The redeveloped terminal was officially opened on 12 March 2010 by the Premier of Tasmania, the Hon. David Bartlett.
Virgin Australia currently has up to five daily flights from Melbourne and one from Sydney. Jetstar has four daily flights from Melbourne, one from Sydney and flies to/from Brisbane up to twice daily during peak periods. QantasLink flies in up to three times daily from Melbourne only.
Launceston Airport's passenger numbers have increased dramatically in recent years, significantly exceeding the airports forecasts in the Airport Master Plan 2005. The passenger numbers achieved in the 2007-08 fiscal year were not anticipated until at least fiscal year 2019-20.
Primary access to Launceston Airport is via private vehicles.

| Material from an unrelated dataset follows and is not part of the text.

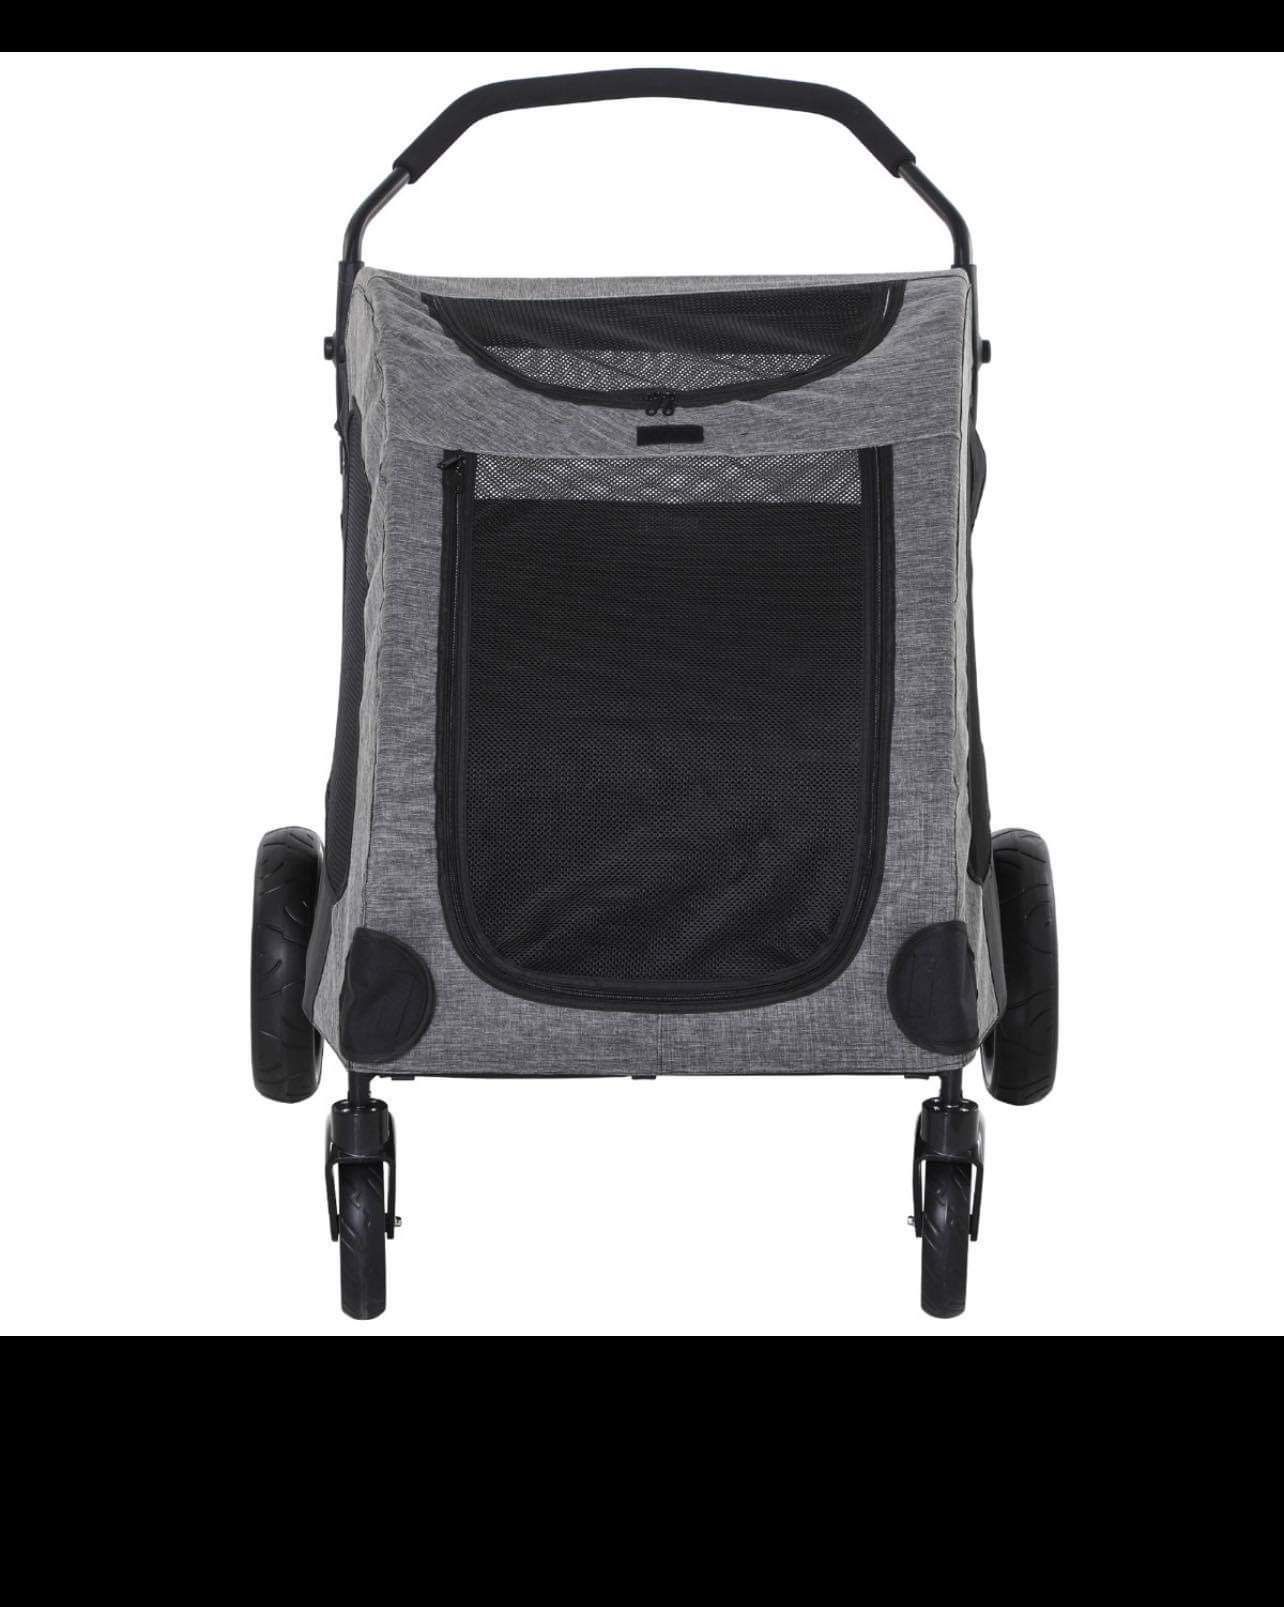 Foldable Dog Stroller with Storage Pocket, Oxford Fabric for Medium Size Dogs - Grey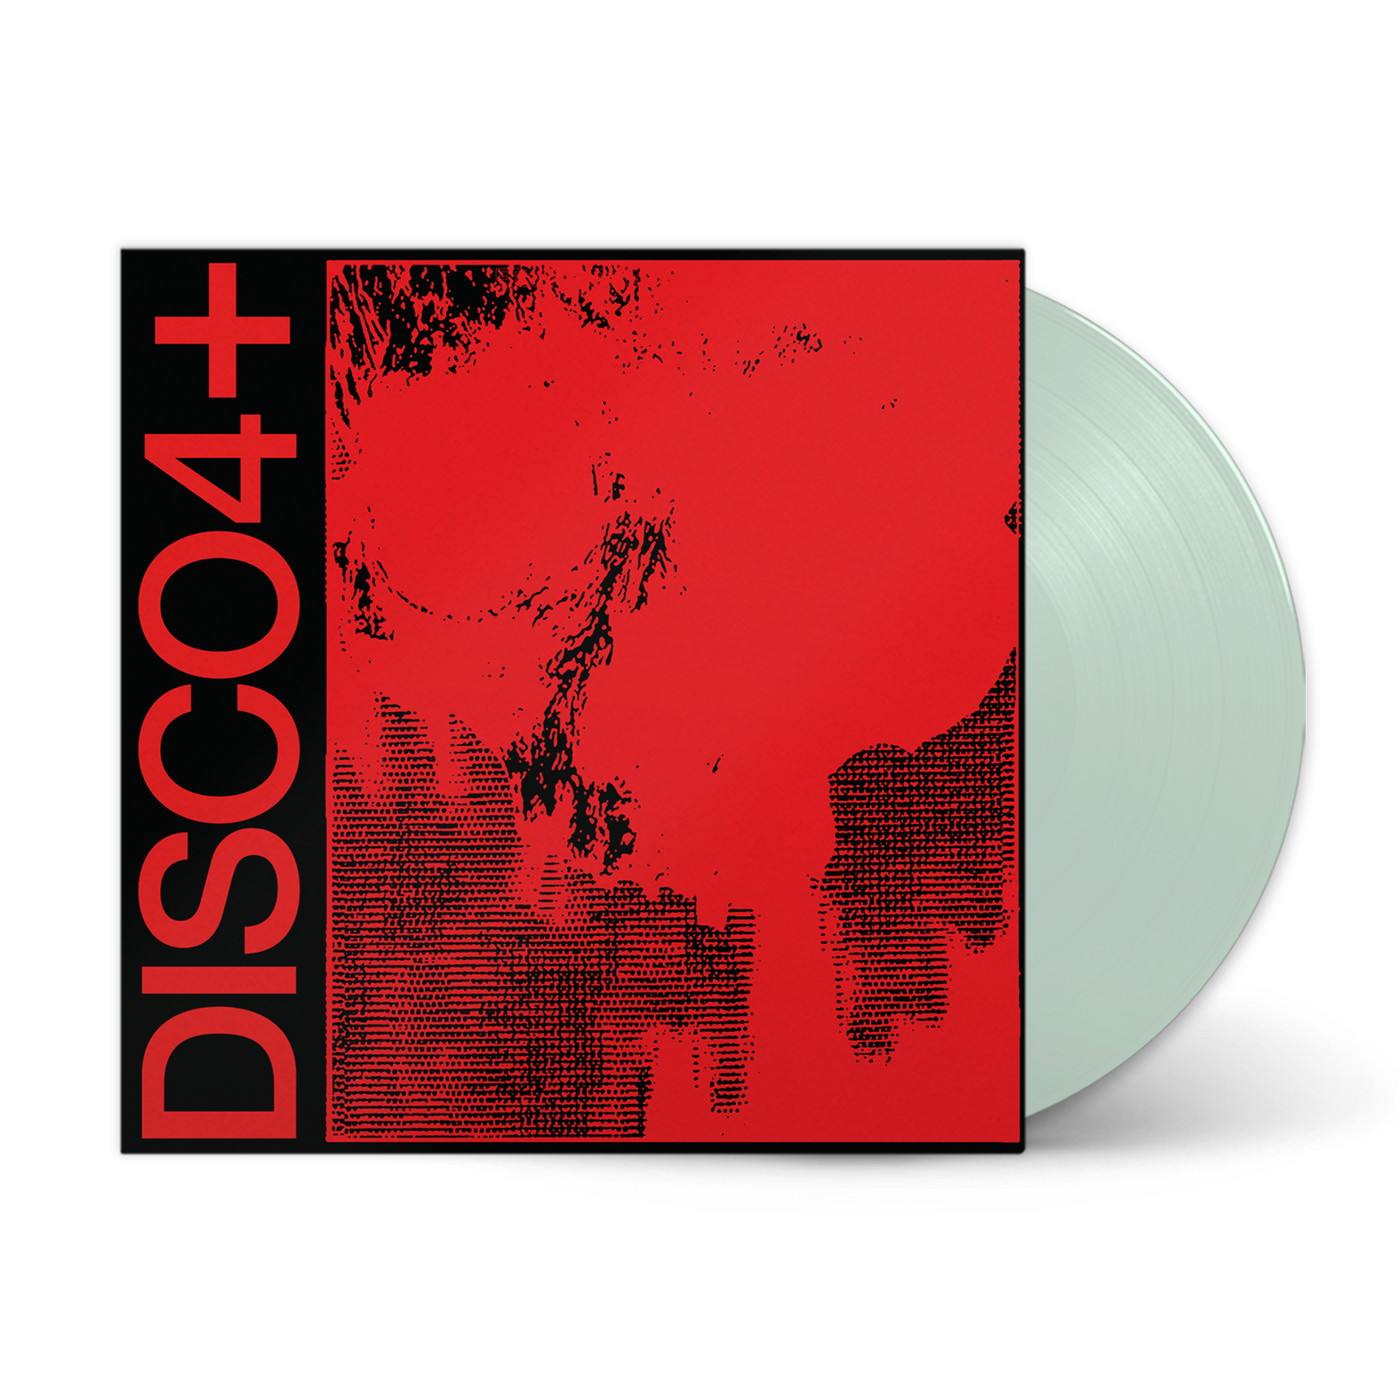 DISCO4+ Limited Edition Coke Bottle Clear Colored Vinyl

Launceston Airport has a Short Term and a Long Term Car Park, as well as an Overflow Carpark that can accommodate 150 Cars. Public transport is not provided between Launceston Airport and the City of launceston. Numerous taxi services are available as well as Airport Shuttle Buses that operate mainly from the City Centre to the airport but also connecting the Northwest Tasmanian towns of Devonport, Ulverstone and Burnie.
On 29 May 2003, Qantas Flight 1737 — en route from Melbourne Airport — was hijacked shortly after takeoff. The hijacker, a passenger named David Robinson, intended to fly the aircraft into the Walls of Jerusalem National Park located in central Tasmania. The flight attendants and passengers successfully subdued and restrained the hijacker, and the aircraft returned to Melbourne, where it landed safely.